Ok. I'll add this to the documentation for the mod, too.

1) Homeworld development.

There are several possible options for homeworld development. Usually you have 2-3 slots for facilities that are not cultural centers (depending on whether you took Natural Merchants or not).

One of these is the Shipyard, which is important at least for the first year or two because it will be the fastest shipyard you have, so it's good for cranking out construction bases, colony ships, and, well, anything else you want to build in a hurry to get yourself set up. Once you have a mess of construction bases and/or are starting to have a budget close to your income, it may be worthwhile to actually scrap the homeworld shipyard in order to put something else there (at least for a while) in order to take advantage of the population and cultural bonuses of the homeworld - a facility on the homeworld is more productive than one on most colonies.

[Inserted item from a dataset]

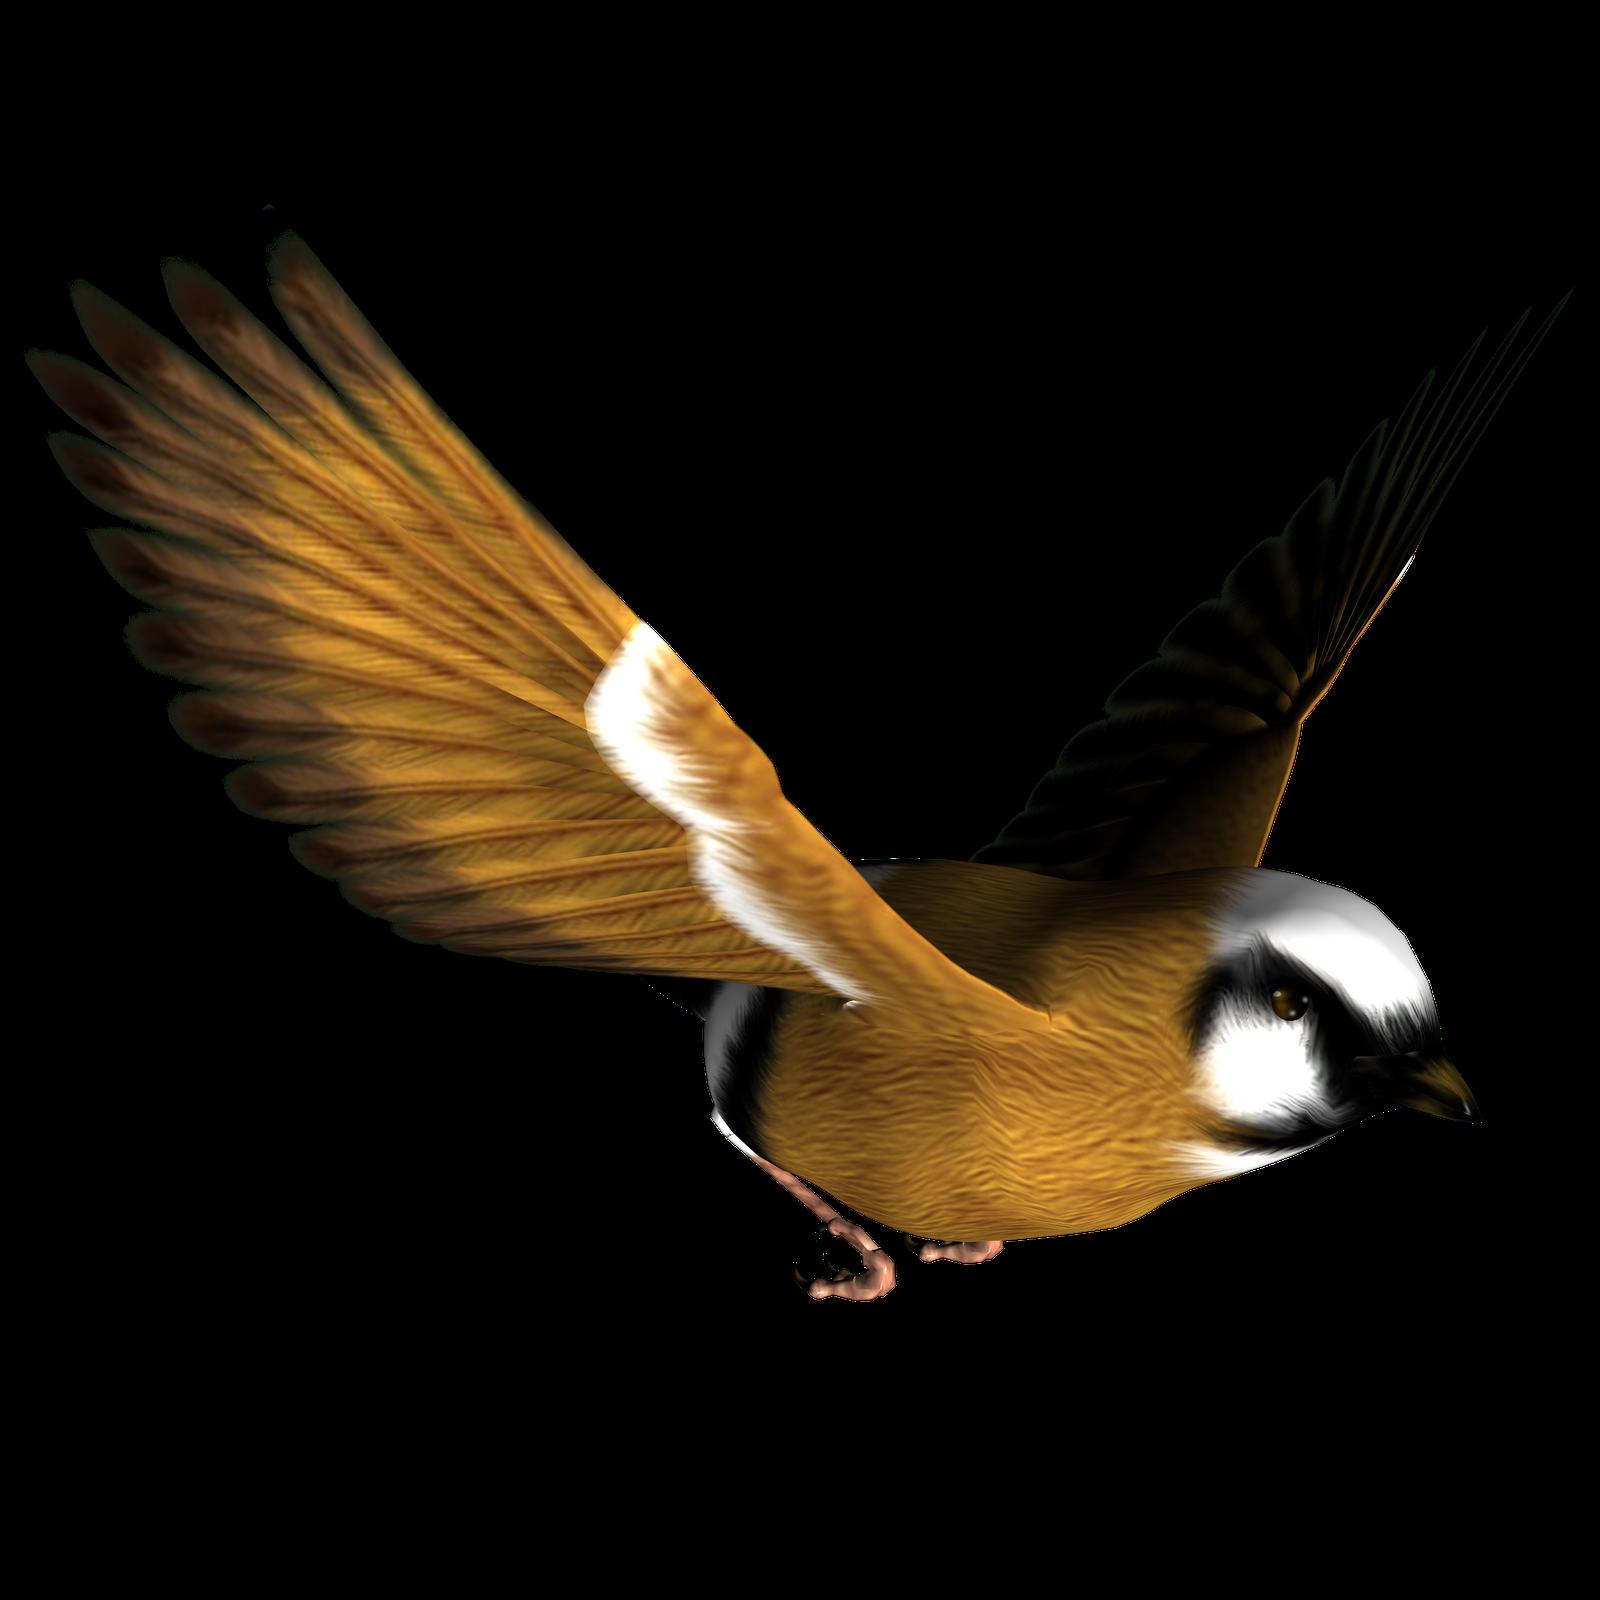 Pigeon clipart burung. Birds transparent png pictures

The other one or two facilities an empire will start with are a Space Port (Distribution Center) and a Resupply Depot, both of which are almost completely redundant, and give you choices for what you'd like to boost a bit. A quick option is just to add a couple of facilities (perhaps research) at first. In Version 2.1, a city will take less than two years on a homeworld (Metropolis about four), and may be worth it once you don't really need the fast homeworld construction queue for other projects. There will probably be some more options in 2.2. Building a training facility and scapping it some turns later can let you train your defense bases and ships hanging out at the homeworld.

More options appear after some research. Anything that improves the output of the entire planet will have a very strong effect. You can get a major increase to research, intel, or resource production this way. A good long-term option is a value improvement plant.

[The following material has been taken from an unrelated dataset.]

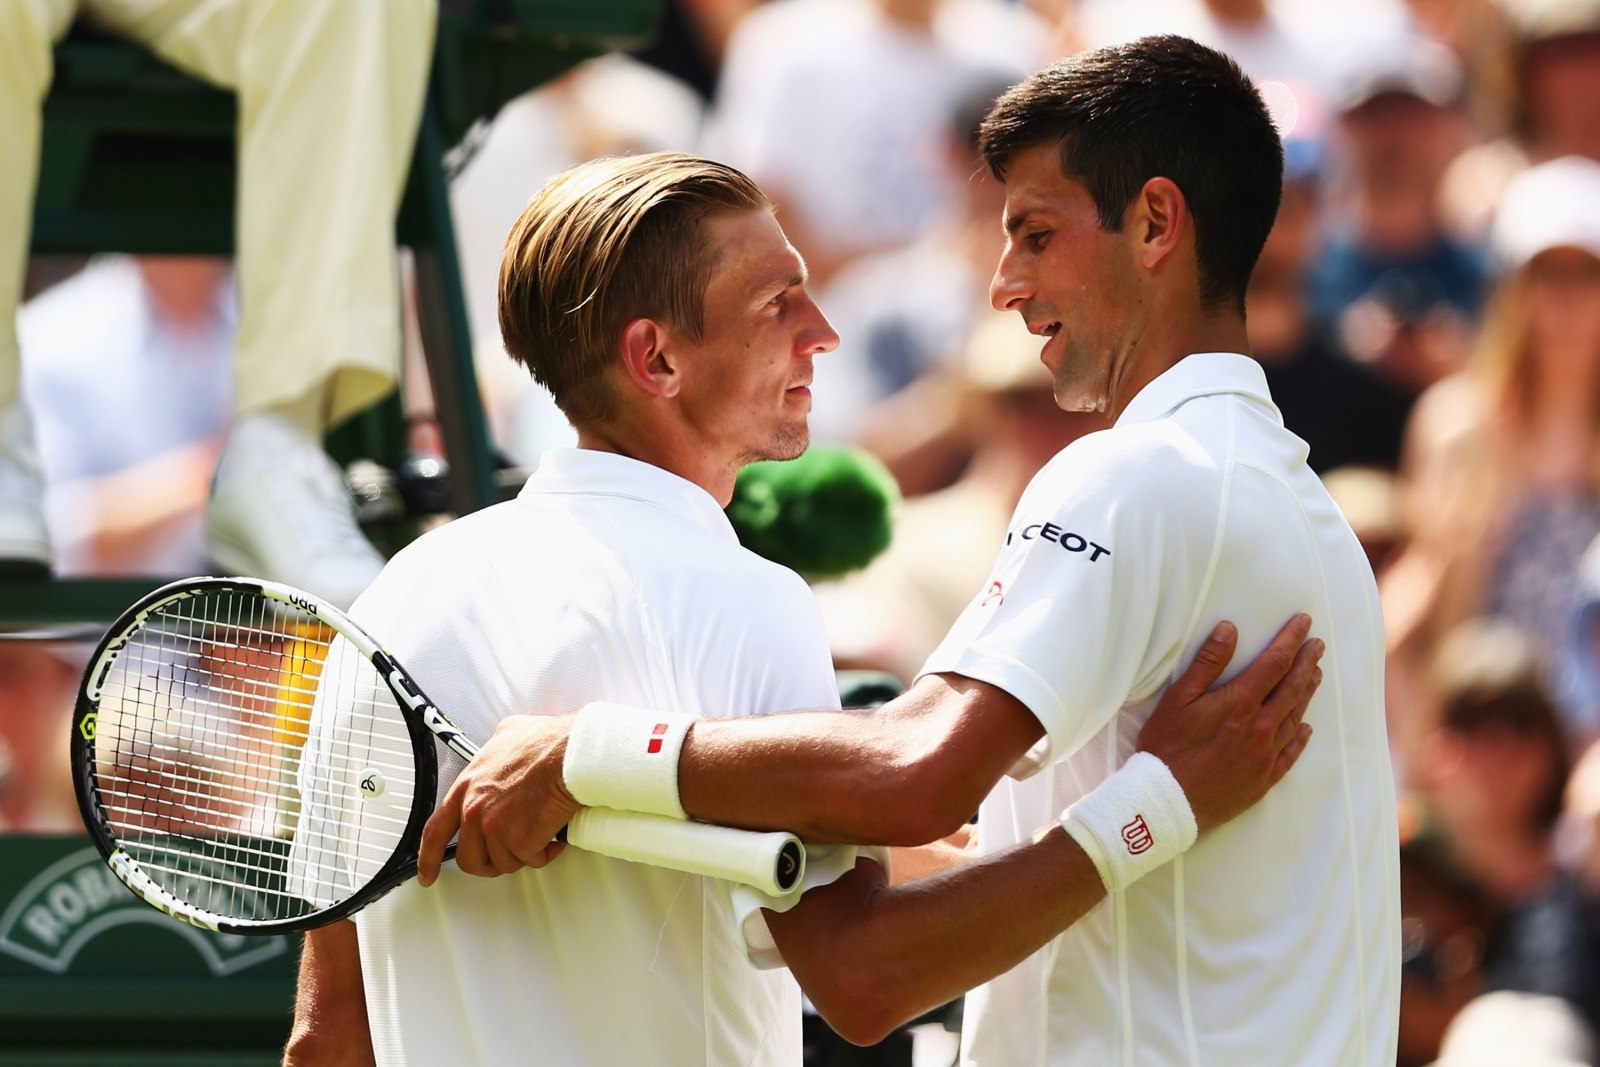 Novak Djokovic and Jarkko Nieminen

Once higher-tech shipyards are developed, it may be good to upgrade or rebuild the homeworld shipyard in order to build a more expensive facility quickly (like a city), or to replace major fleet losses quickly.


2) Colony development.

Increasing the population of colonies is vital to accelerate their development. The most effective way to do this is to build a fleet of population transports, and concentrate on a few specific colonies rather than trying to develop all of your colonies into developed worlds at once. Production climbs steeply with the first few population gains, up to about 5-8 million, at which point any production facilities built can be run at nearly full capacity. Construction rate increase is a much slower curve, that starts out fast but starts to slow at about 70 million (where it's only 48%) - the next 52% construction are gained on the way up to a 1 billion population, so more is better but somewhere in the 50-200 million range, it may be efficient to switch to building up another colony with your transports, instead. It sort of depends on what your goals are - you have to decide how many "big" colonies you want to concentrate on.

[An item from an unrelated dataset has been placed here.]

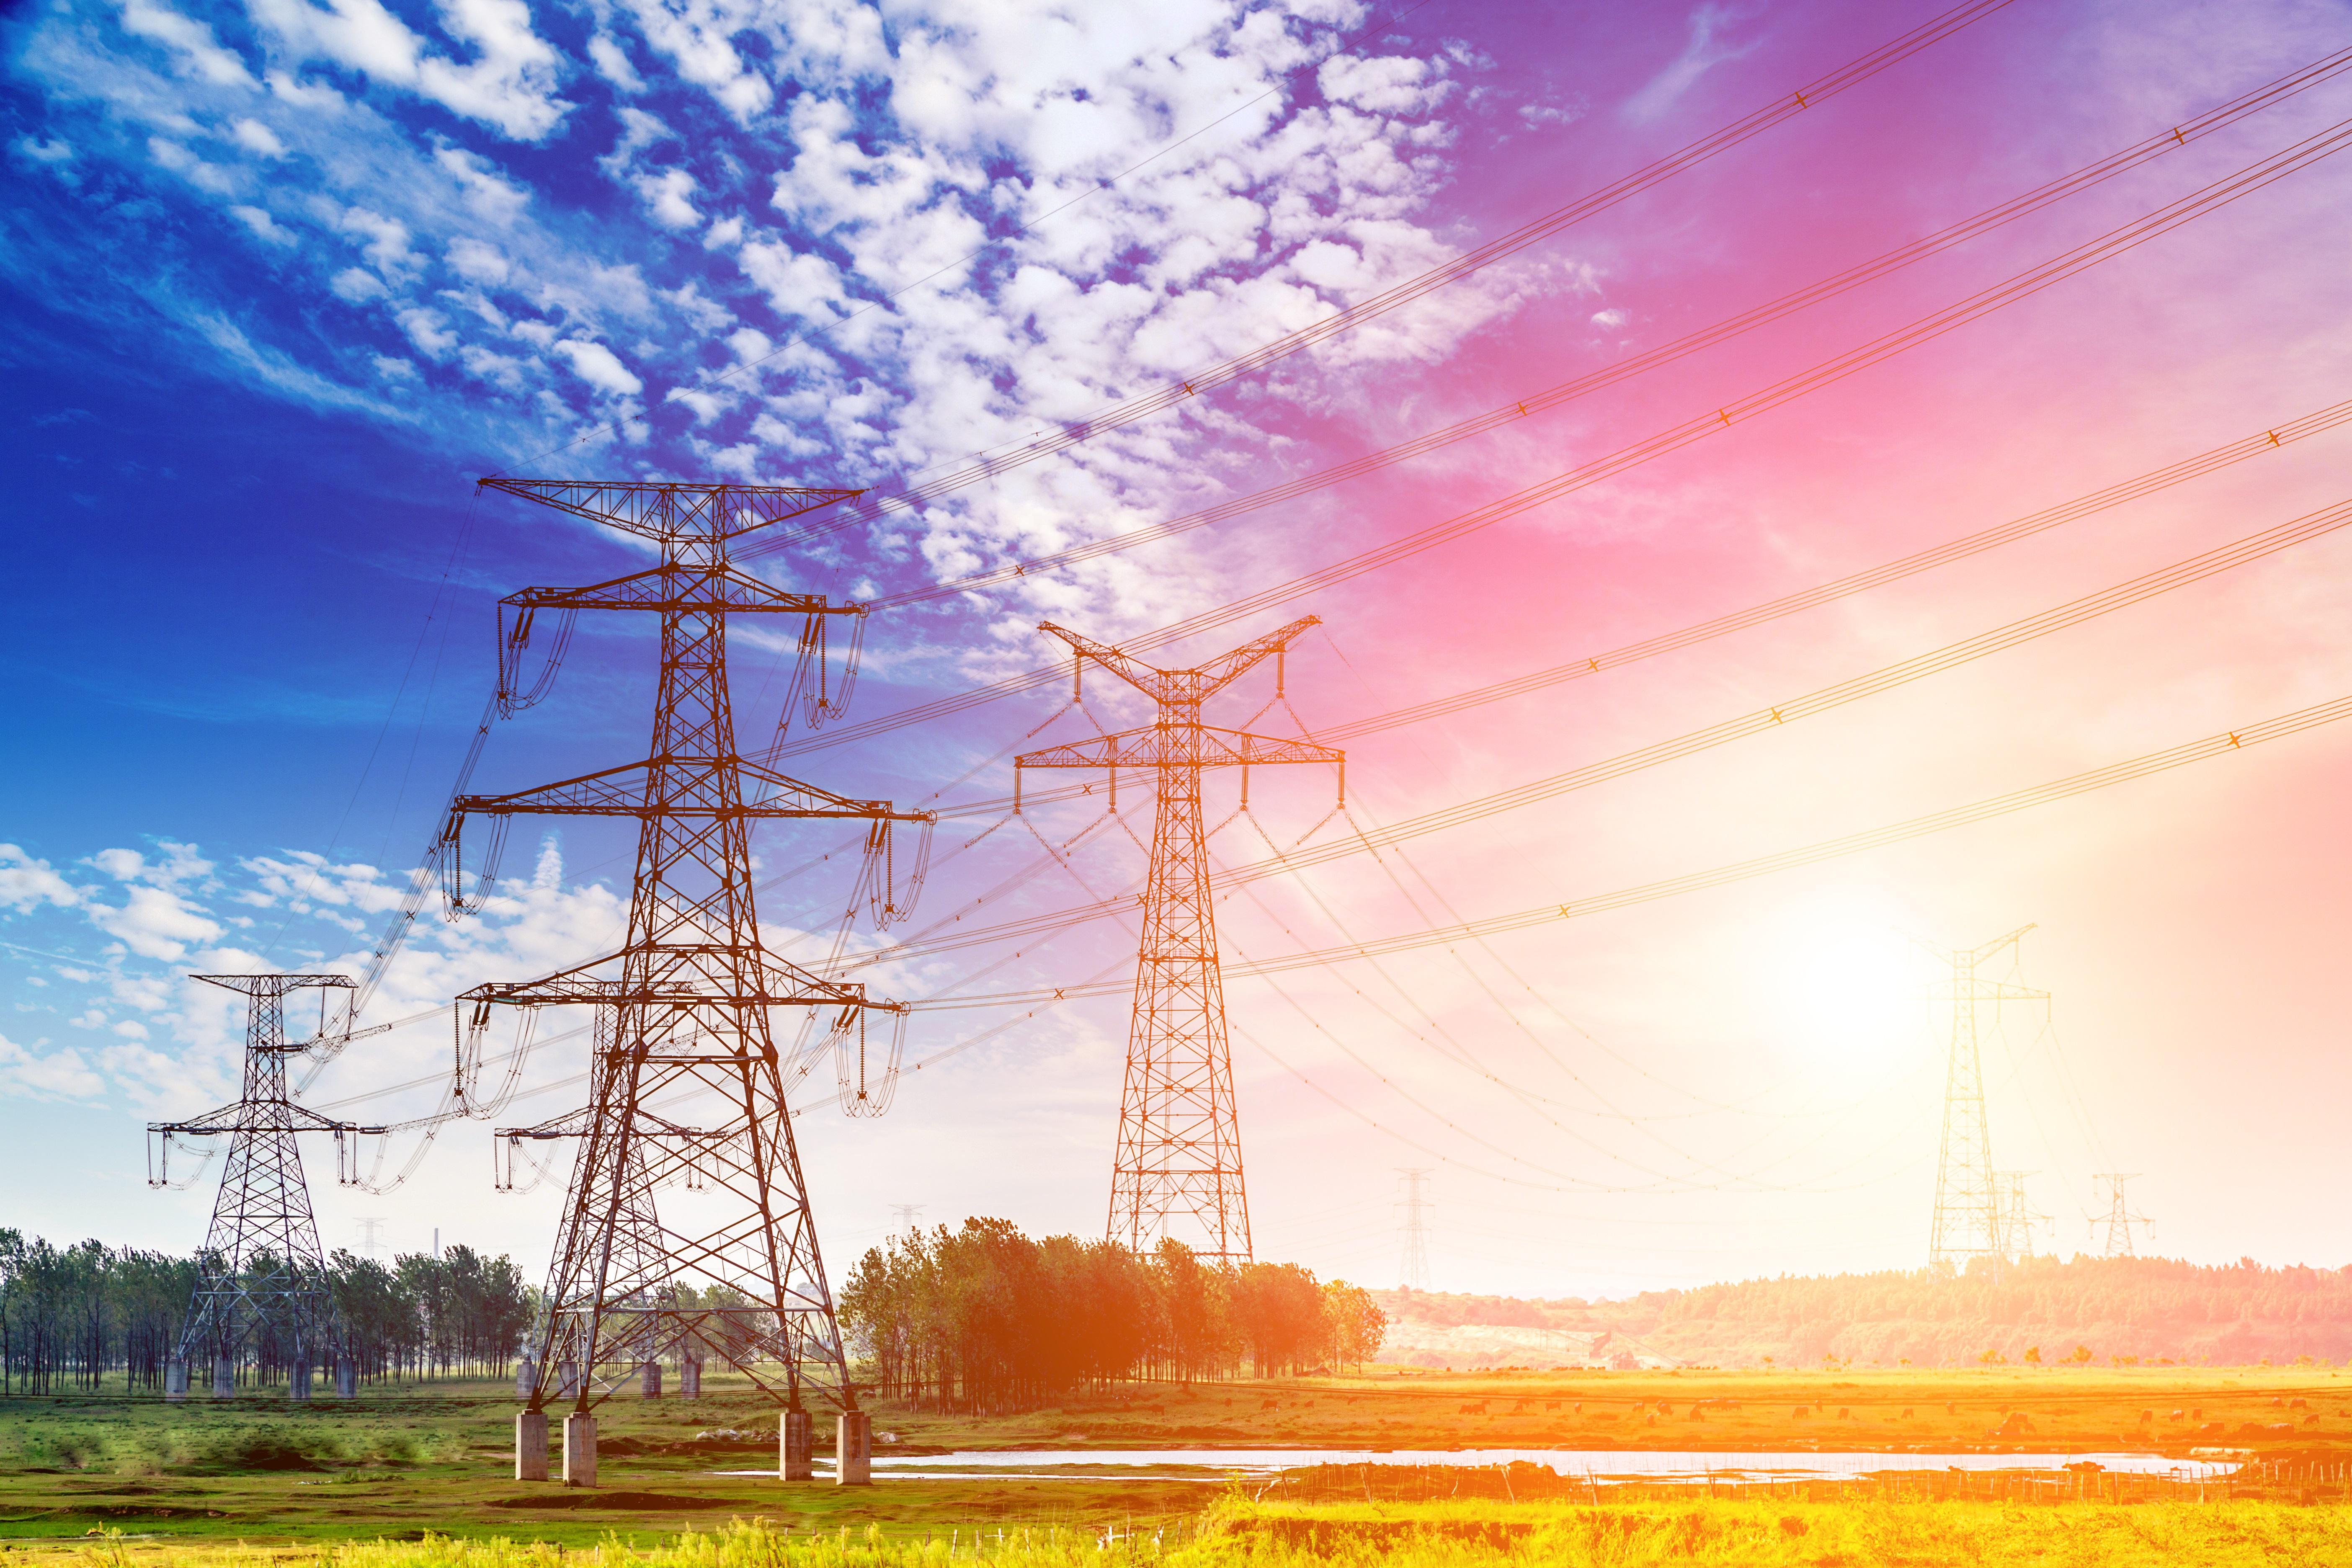 shutterstock_transmission lines

As far as what to build on colonies, I try to focus on themes, and start by getting what I need most urgently (like a space port or resupply depot - for many races, a space yard will also increase development rate, and so should often be built first). After urgent items, it makes sense to nearly fill up on the relatively cheap space-wasting facilities, and then start chewing on more expensive ones. Colonies that don't get a bunch of population, though, should probably be developed as outPosts - a good place to build a few useful facilities like a resupply depot, shipyard, store a bunch of units, etc.

A resupply depot on an outpost is much more important in Proportions than in the standard game because of the strong trade-offs in ship design between speed and range, so fast ships tend to be short ranged... unless their empire has a good network of resupply depots to bounce off of, in which case suddenly their fast defense ships can zoom around without being crippled by low range. The new supply effects in Gold 1.67 make this even more important. Suddenly, apparently silly little moons with a resupply depot and some defenses, can become major strategic assets, determining where the empire's fleet can be effectively deployed, or not.

Ship yard outPosts are similarly important for the usual reasons, but also more so because in Proportions, you can't "just fill up some more huge planets with resource facilities in a year or two" and suddenly be able to maintain a whole new fleet. The savings of a maintenance-free shipyard compared to a construction base are significant.

For defenses, at first, it's usually fastest and most efficient to build defenses at the homeworld or on construction bases, and then ship them to the colonies, so the colonies don't have to tie down their own queues (which they're generally really bad at, anyway). The main exception would be emergencies, and maybe having the colonies spend a turn or two on infantry, so they can't be easily snatched by aliens.


3) It can sometimes take the AI's a while to build colonies, but yes, they do. The 2.1 AI's seem to sometimes not really get started colonizing for a few years, but then get into it about year 5 or 6. An example game at year 9 has eight AI empires with 69 colonies between them (the Toltayans lead with 15). As of Proportions 1.5, they even build fairly reasonable things on them, establishing a resupply network so they can defend them reasonably, etc.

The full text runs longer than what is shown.